The proper way to deal with monitor profile issues is always to use a calibrator to make a new one. If you don't have a calibrator, chances are you have profiles from the laptop and monitor manufacturers installed. These are usually distributed through through Windows Update. You'd think they should get it right, but surprisingly often these profiles are bad in various ways.
To test this, replace the current monitor profile with a standard profile like sRGB IEC61966-2.1, or if the display is wide gamut, Adobe RGB or Image P3 depending on model and type of display.
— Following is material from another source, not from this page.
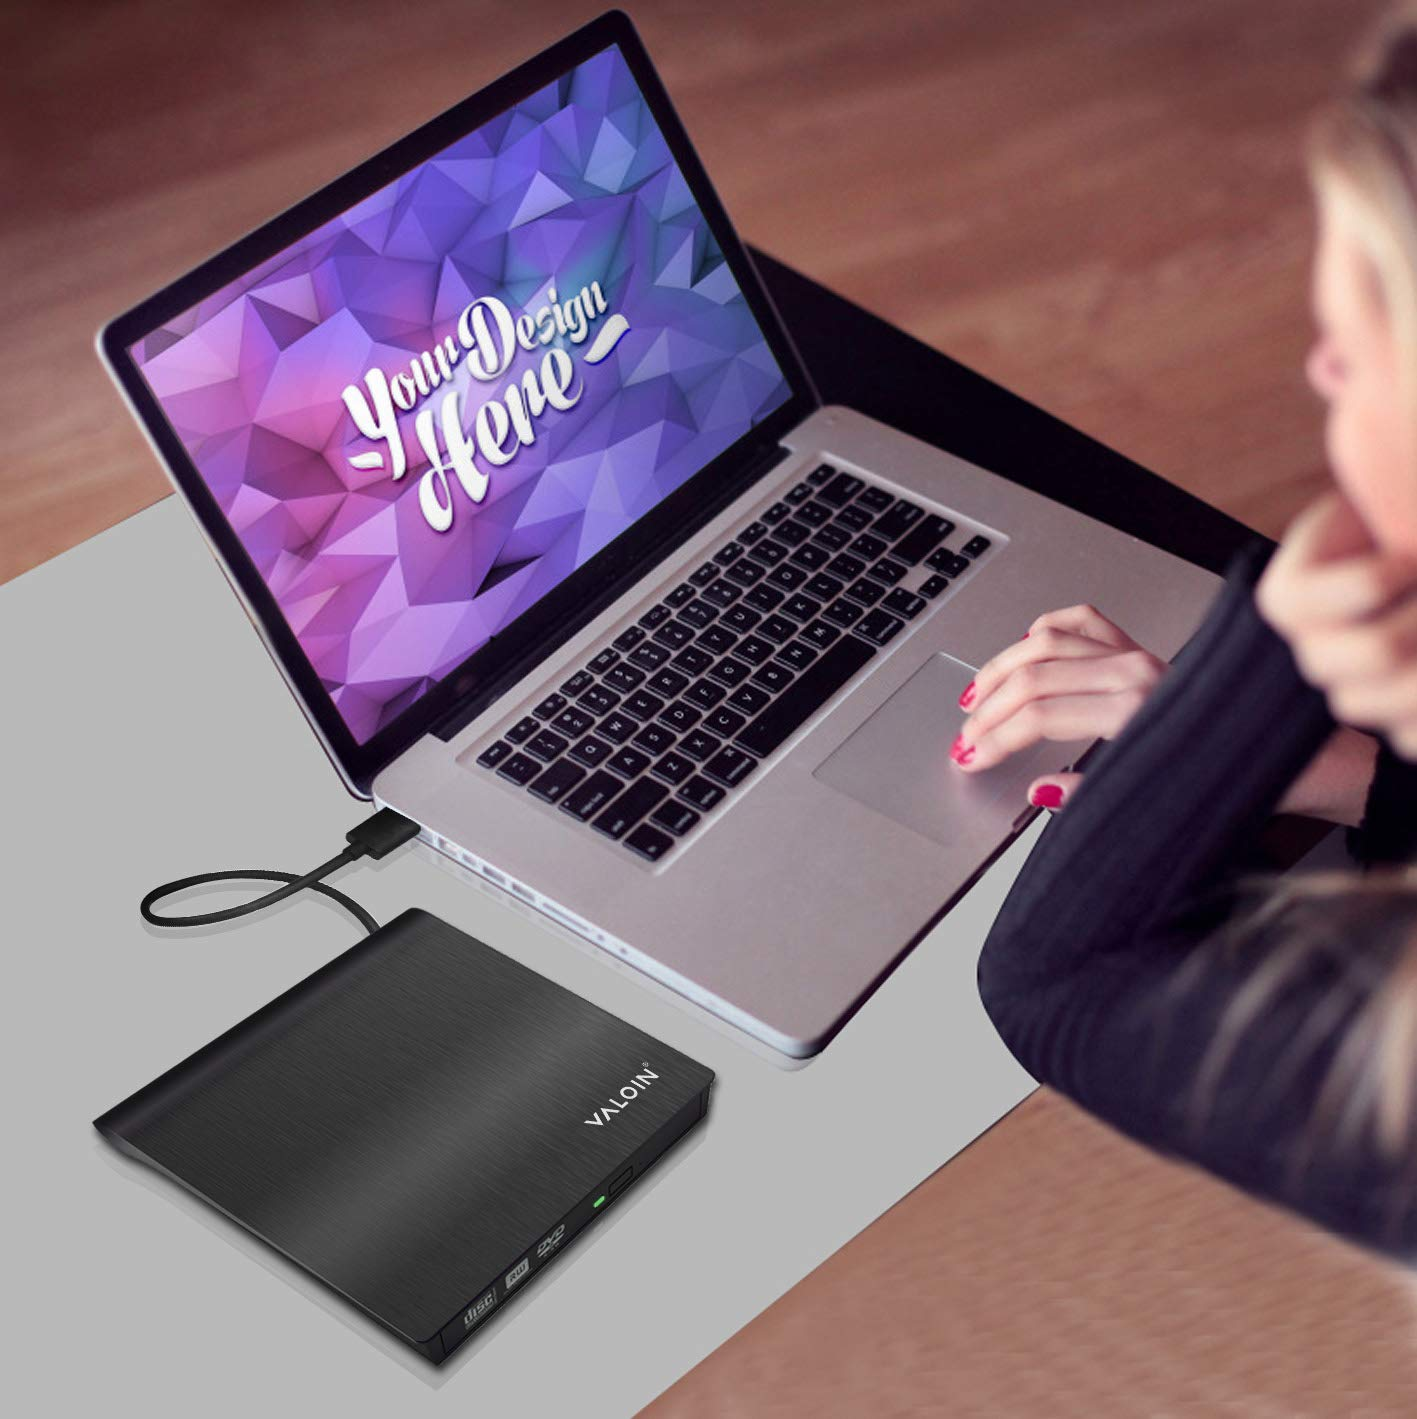 [2019 New Version]External DVD Drive,USB 3.0 Portable Ultra-Slim CD-RW ROM Drive Player Burner Writer Rewriter,Plug and Play by Valoin (Image #8)

Here's where you replace the monitor profile. Relaunch Photoshop when done, it loads the profile at application startup:
Another more rarely seen problem is with dual display setups, where there is an integrated display plus an external connected one - laptops, iMacs etc. Here it can happen that the profile for the integrated display is also used for the external display. This is an error in how the operating system and the GPU assign displays. There isn't an easy workaround for this type of problem, other than changing primary/secondary display in the OS. It's really a bug and should be taken up with hardware/OS vendors.
A third possibility is a GPU driver bug - but that usually happens because the GPU trips over a monitor profile that is already not quite correctly written. So try the profile first.
Whatever you do, don't touch Photoshop Color Settings! That's not where the problem is.